4.5. Influence of HSNDE on Gas Well Productivity

Under the condition of keeping other parameters constant, IPR curves for gas–water co-production in fractured vertical wells under different WRGs are generated, considering HSNDE and regardless HSNDE. From the Figure 18, it can be observed that when considering the HSNDE, the unrestricted flow rate of gas wells decreases slightly. This is because the involvement of the water phase slows down the high-speed gas flow in the near-wellbore zone, thereby reducing the HSNDE of the gas. When gas well production is relatively low, the HSNDE can be neglected. However, when gas well production is high, the HSNDE cannot be ignored.
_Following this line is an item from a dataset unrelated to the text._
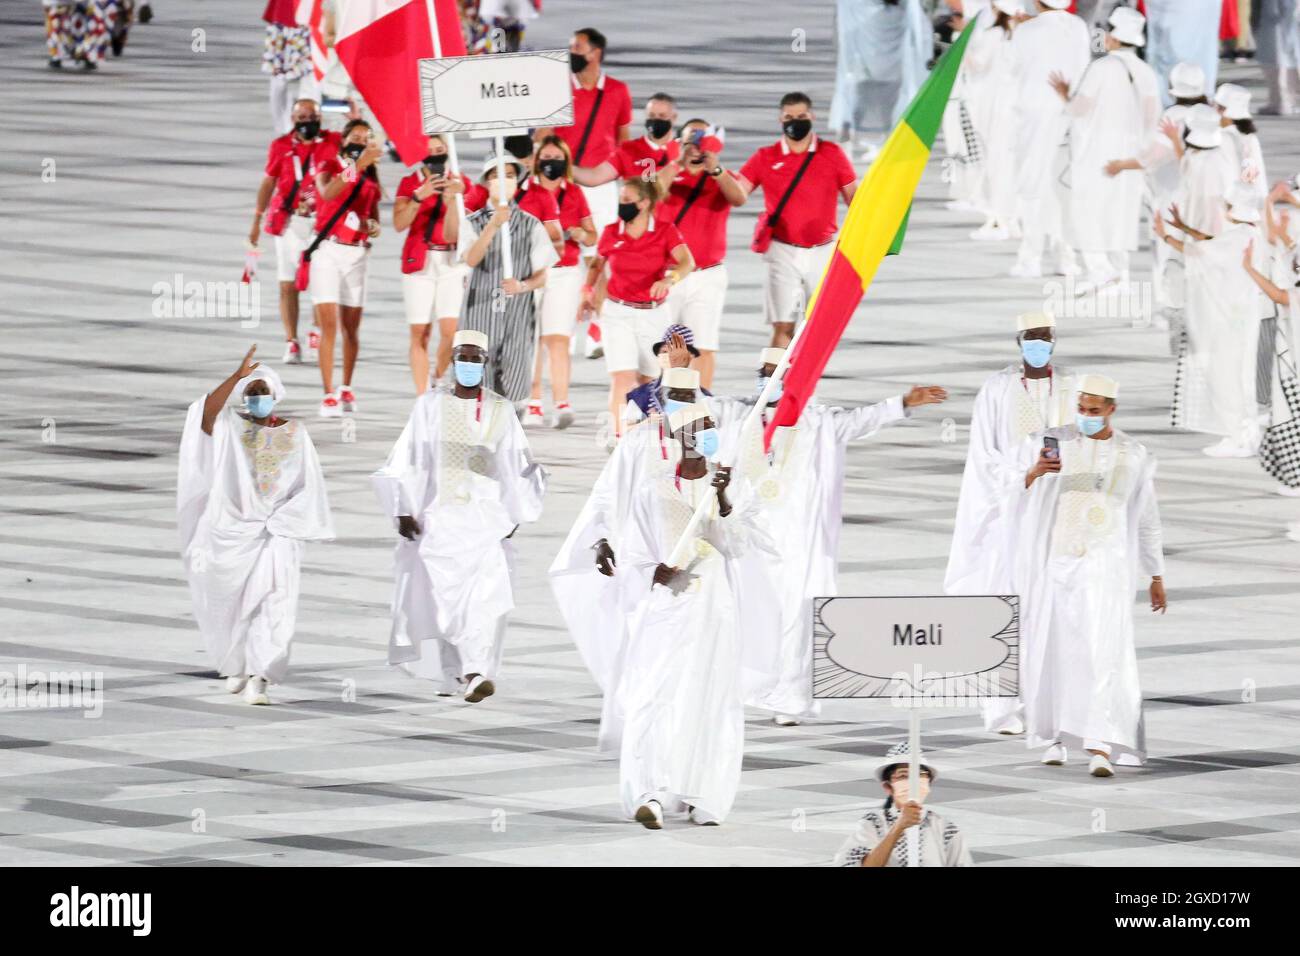 23rd DE JULIO de 2021 - TOKIO, JAPÓN: El portador de la bandera de Malí Seydou Fofana entra en el Estadio Olímpico con su delegación durante el segme Desfile de las Naciones Foto de stock

4.6. The Impact of Gas Slip Flow Effects Considering Water Saturation (GSFECWS) on Gas Well Productivity under Different WRGs

Under the condition of keeping other parameters constant, dynamic inflow curves for gas wells, considering and not considering the influence of water saturation on the slip factor, have been created for different WRGs (Figure 19). From the figure, it can be observed that the gas well production when not considering the slip effect, is lower than that when considering the slip effect. This is because the slip effect increases the reservoir’s permeability, reducing the threshold pressure drop for gas flow within the reservoir, ultimately increasing the gas well’s productivity. When considering GSFECWS, the gas well’s productivity further increases compared to the conventional fixed slip effect. Additionally, as the water–gas ratio decreases, the slip factor gradually increases, resulting in a smaller rightward shift in the IPR curve and increased productivity.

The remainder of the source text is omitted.